Once it works, pin the shortcut to your menu bar or assign it a keyboard shortcut from Shortcuts.app's preferences. You now have one-keystroke OCR backed by local AI.

How do hotkeys call ToolPiper?

Any tool that can run a shell command on a hotkey can call ToolPiper. The shell command is usually a single curl invocation against the HTTP API, optionally with jq for response parsing. Raycast script commands, Karabiner-Elements complex modifications, BetterTouchTool triggered actions, Hammerspoon bindings.

Sample Raycast script command, saved as screen-ocr.sh in your Raycast scripts folder:

#!/bin/bash
# @raycast.title Screen OCR
# @raycast.mode silent
# @raycast.packageName ToolPiper

SHOT=$(curl -s -X POST http://127.0.0.1:9998/vision/screenshot \
  -H 'Content-Type: application/json' \
  -d '{ "mode": "full" }' | jq -r '.path')

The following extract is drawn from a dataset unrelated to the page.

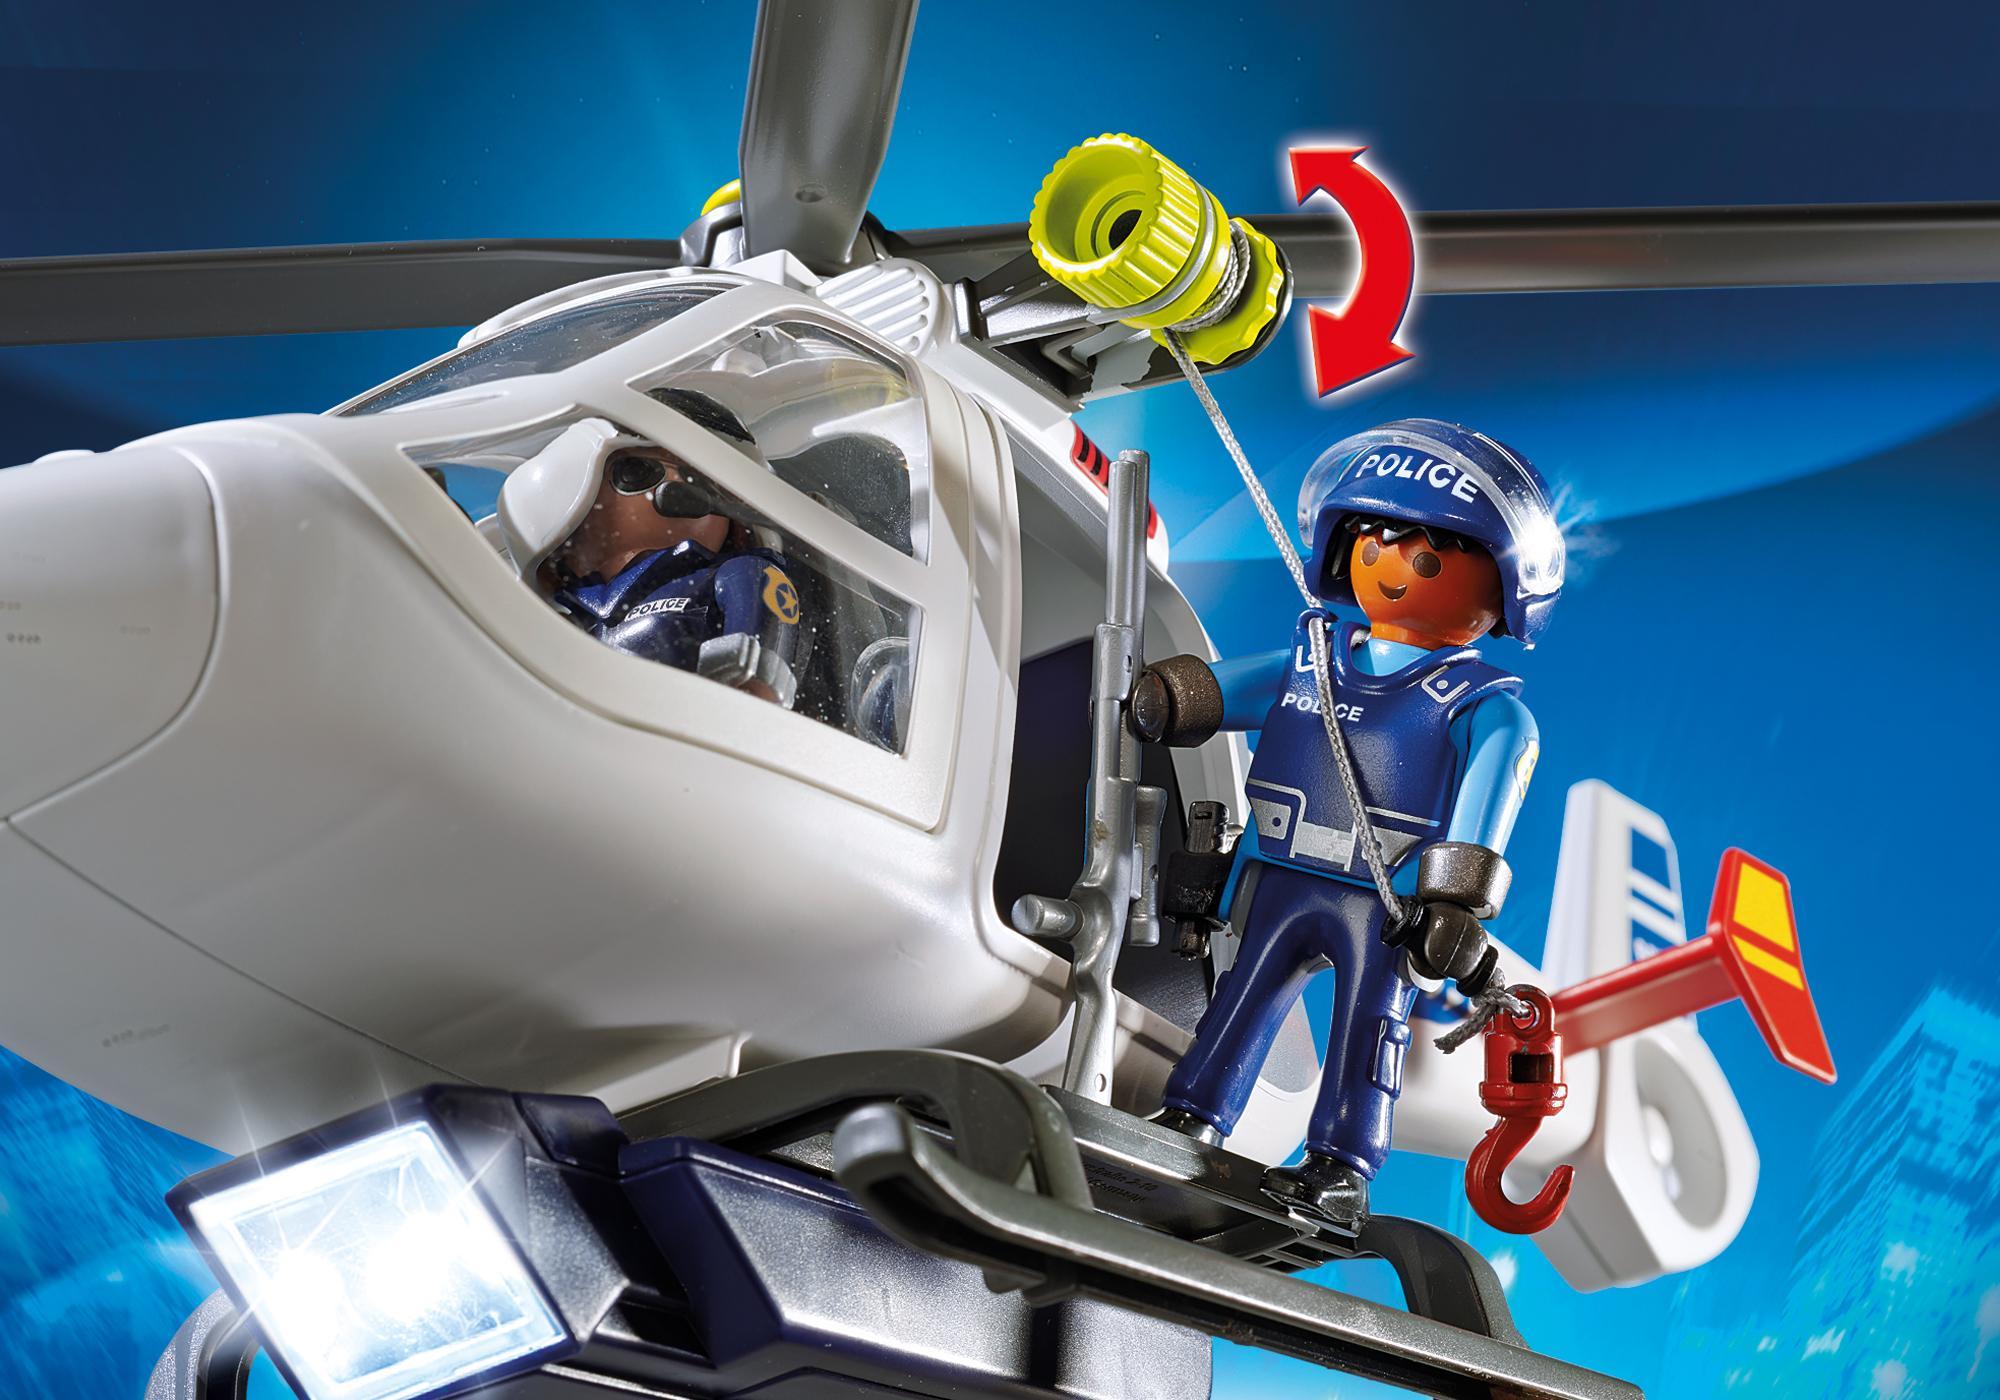 http://media.playmobil.com/i/playmobil/6921_product_extra2/Politiehelikopter met LED-zoeklicht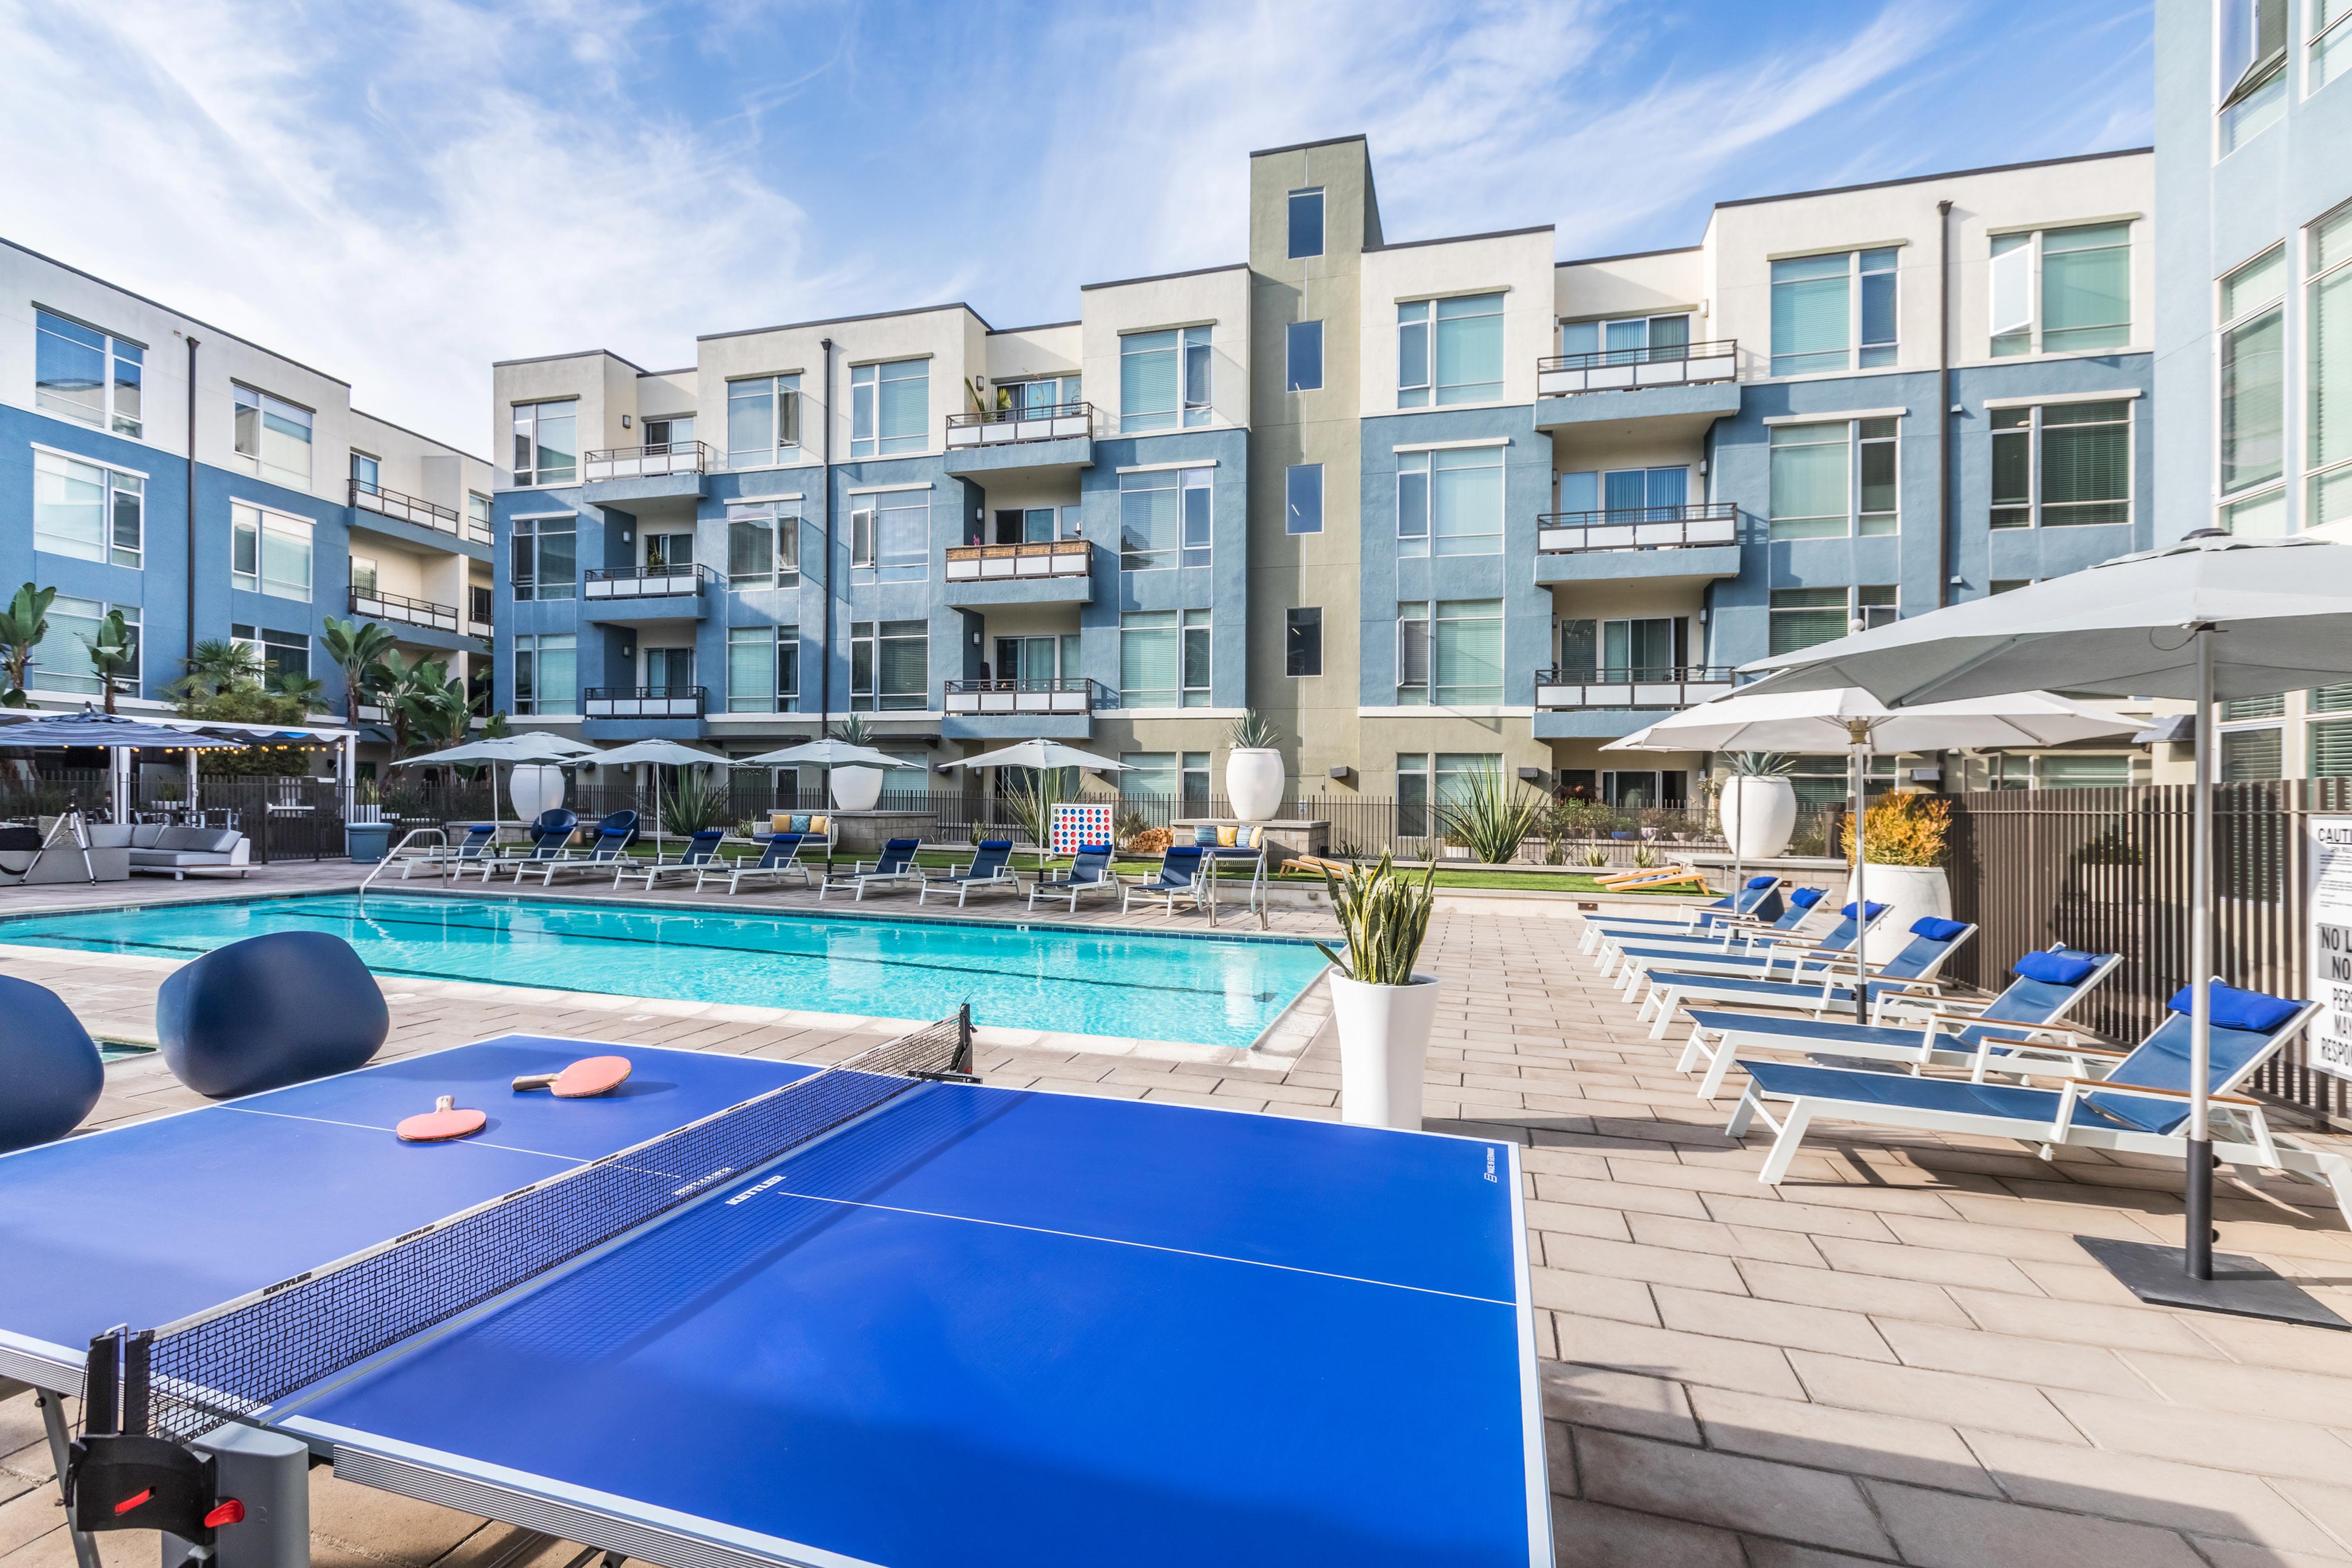 Westminster Ca Apartments Craigslist

TEXT=$(curl -s -X POST http://127.0.0.1:9998/vision/ocr \
  -H 'Content-Type: application/json' \
  -d "{ \"path\": \"$SHOT\" }" | jq -r '.text')

echo -n "$TEXT" | pbcopy
osascript -e 'display notification "Screen text copied to clipboard" with title "ToolPiper"'

Bind a hotkey to that command in Raycast's preferences. Press the hotkey, get the visible screen text copied to your clipboard. The whole flow runs locally.

How does push-to-talk dictation use this?

ToolPiper ships with built-in push-to-talk dictation that uses the same HTTP API path internally. Holding the right Option key starts an audio recording. Releasing it stops the recording, transcribes through /audio/transcribe, and pastes the result wherever your cursor is.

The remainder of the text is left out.